● PROBLEM DETAILS: The reply should hold only the lines below beginning at the one with "Casos práticos: Direito" and ending at the one with "Dash Camera กล้องวีดีโอติดรถยนต์", copied exactly, with every picture left out.
--- DATA RECORDS Enclosed Below ---
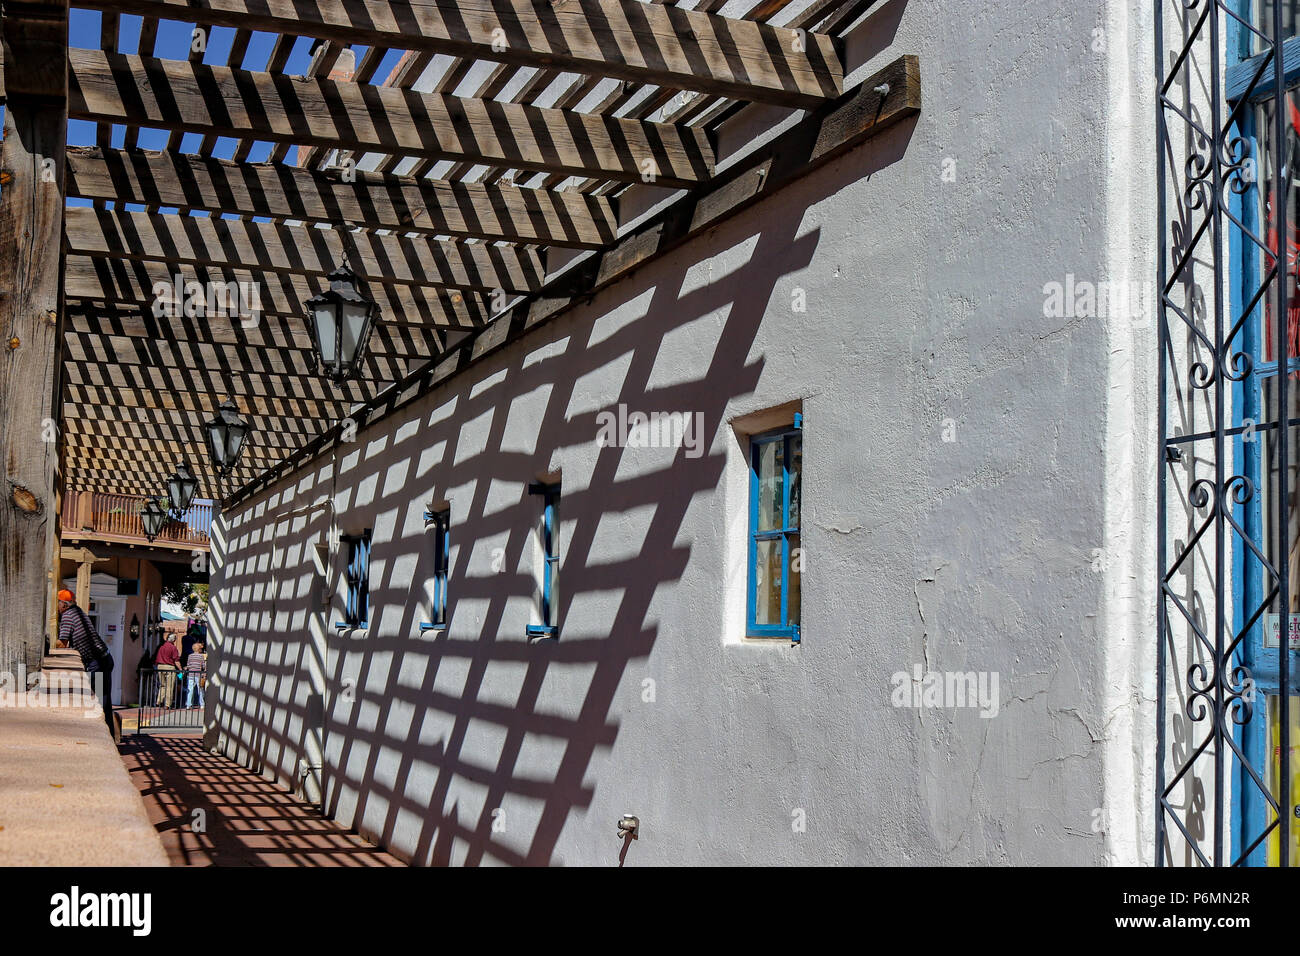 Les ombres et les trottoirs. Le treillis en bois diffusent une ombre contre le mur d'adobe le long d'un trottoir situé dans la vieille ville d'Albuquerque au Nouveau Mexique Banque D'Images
--- End of Enclosed DATA RECORDS ---
--- DATA RECORDS Enclosed Below ---
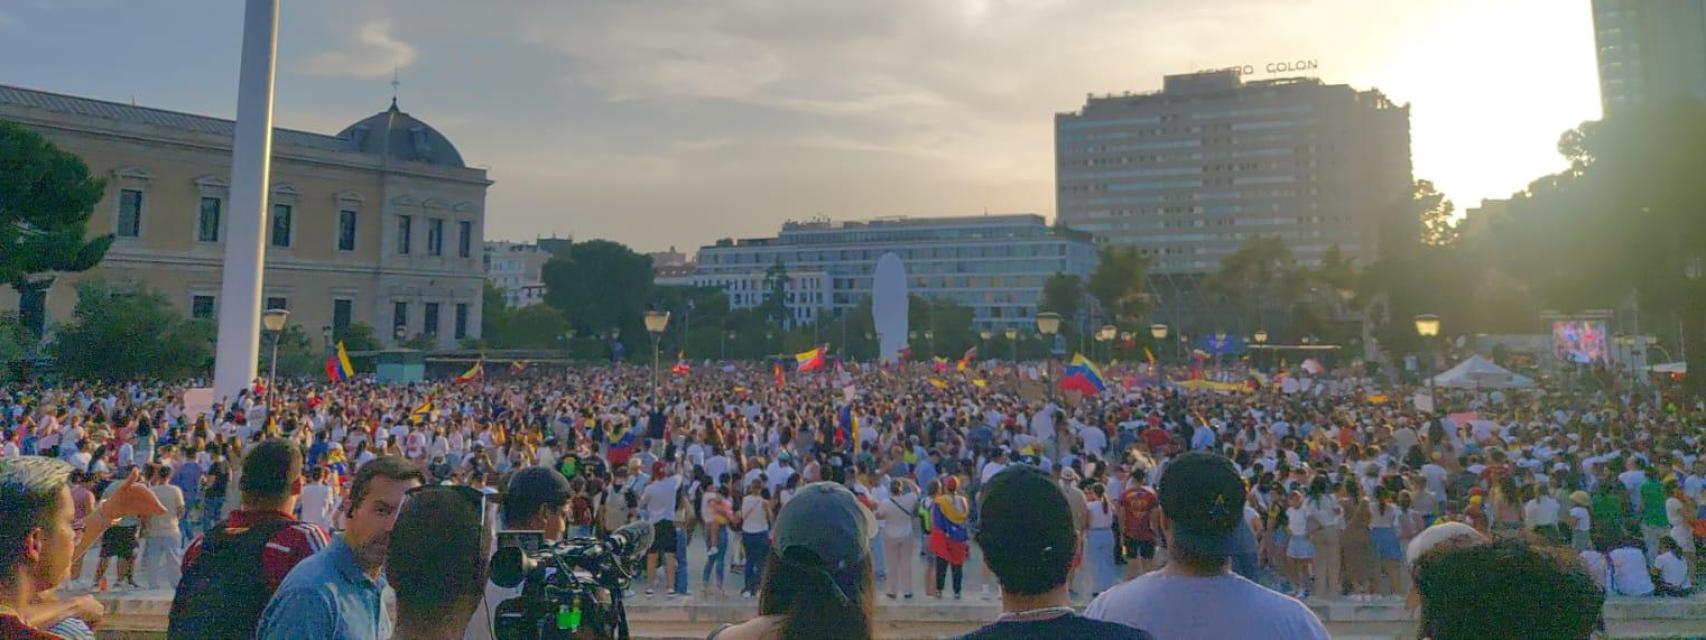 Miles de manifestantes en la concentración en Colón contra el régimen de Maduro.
--- End of Enclosed DATA RECORDS ---
--- DATA RECORDS Enclosed Below ---
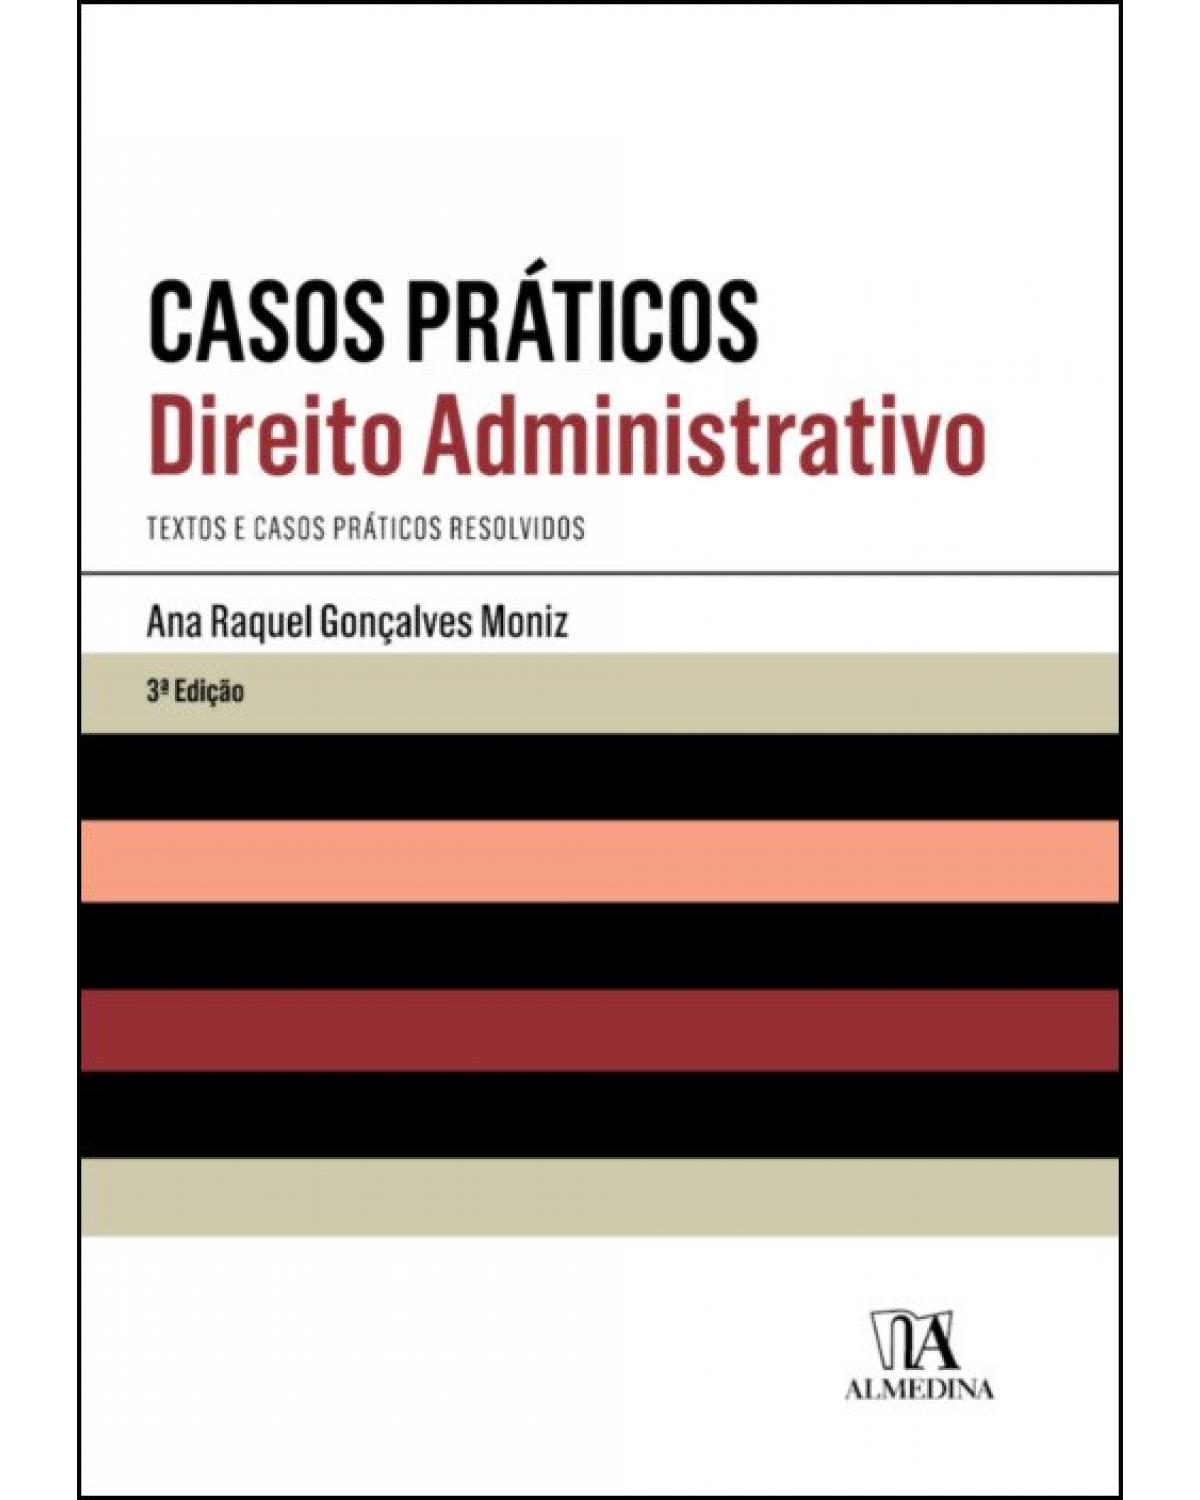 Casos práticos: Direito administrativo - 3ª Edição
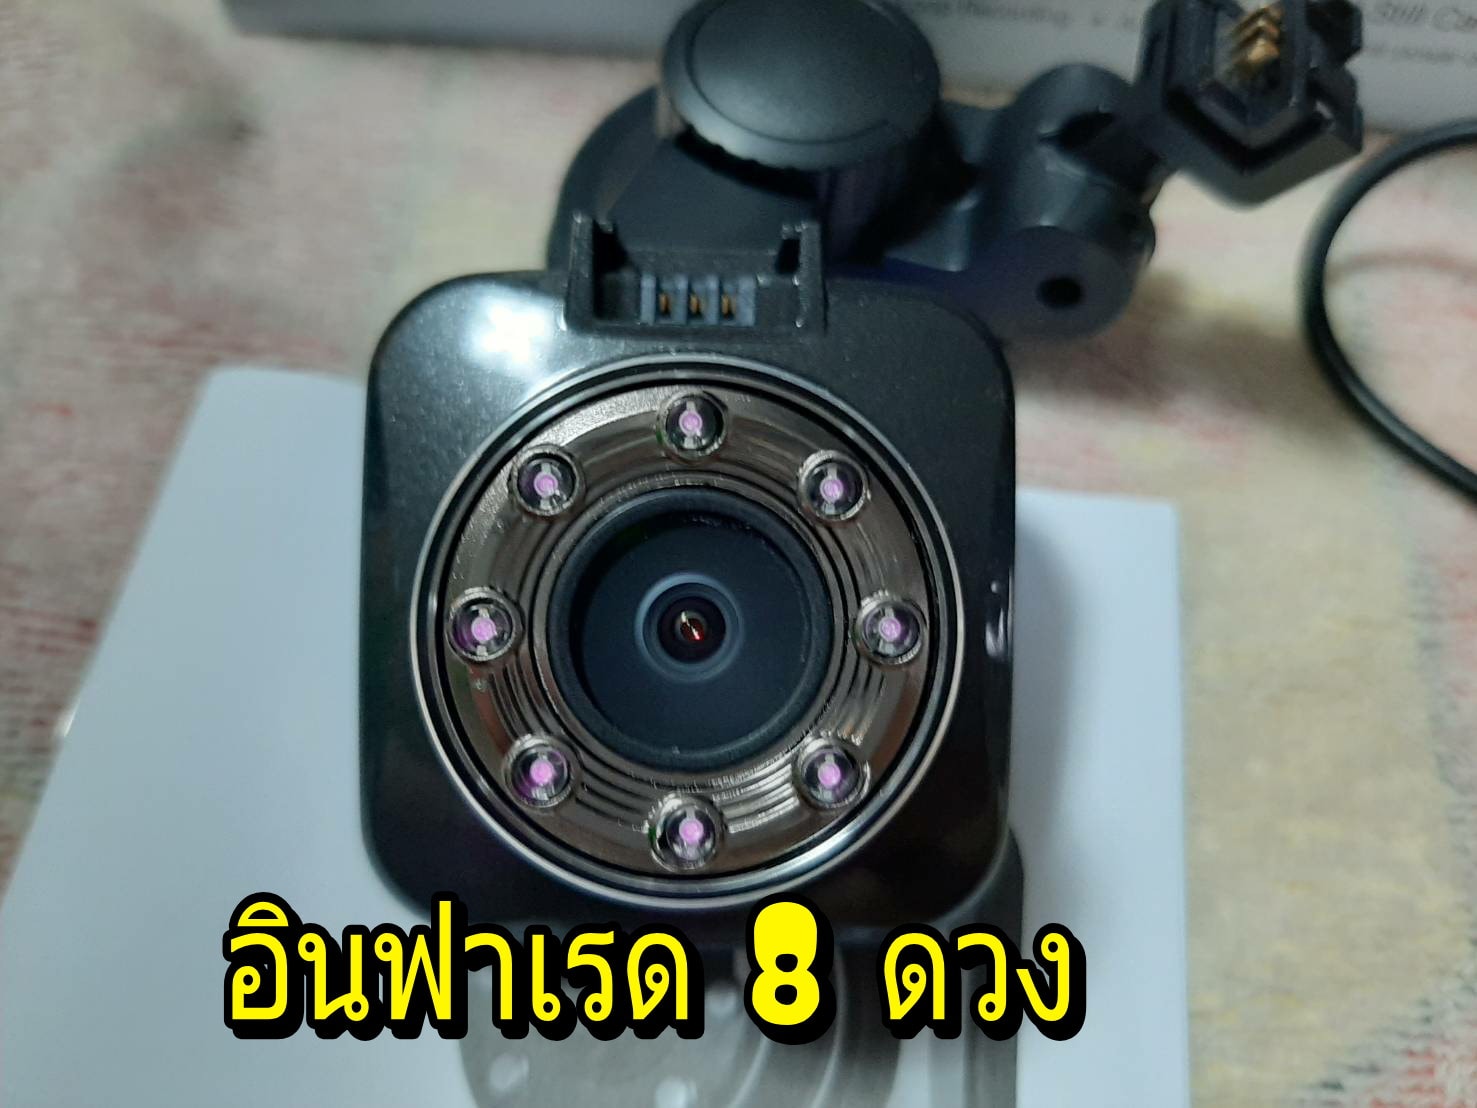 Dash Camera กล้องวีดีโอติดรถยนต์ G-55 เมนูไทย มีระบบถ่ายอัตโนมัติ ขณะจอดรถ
--- End of Enclosed DATA RECORDS ---
● RESULT OF THE TASK:
 Casos práticos: Direito administrativo - 3ª Edição
 Dash Camera กล้องวีดีโอติดรถยนต์ G-55 เมนูไทย มีระบบถ่ายอัตโนมัติ ขณะจอดรถ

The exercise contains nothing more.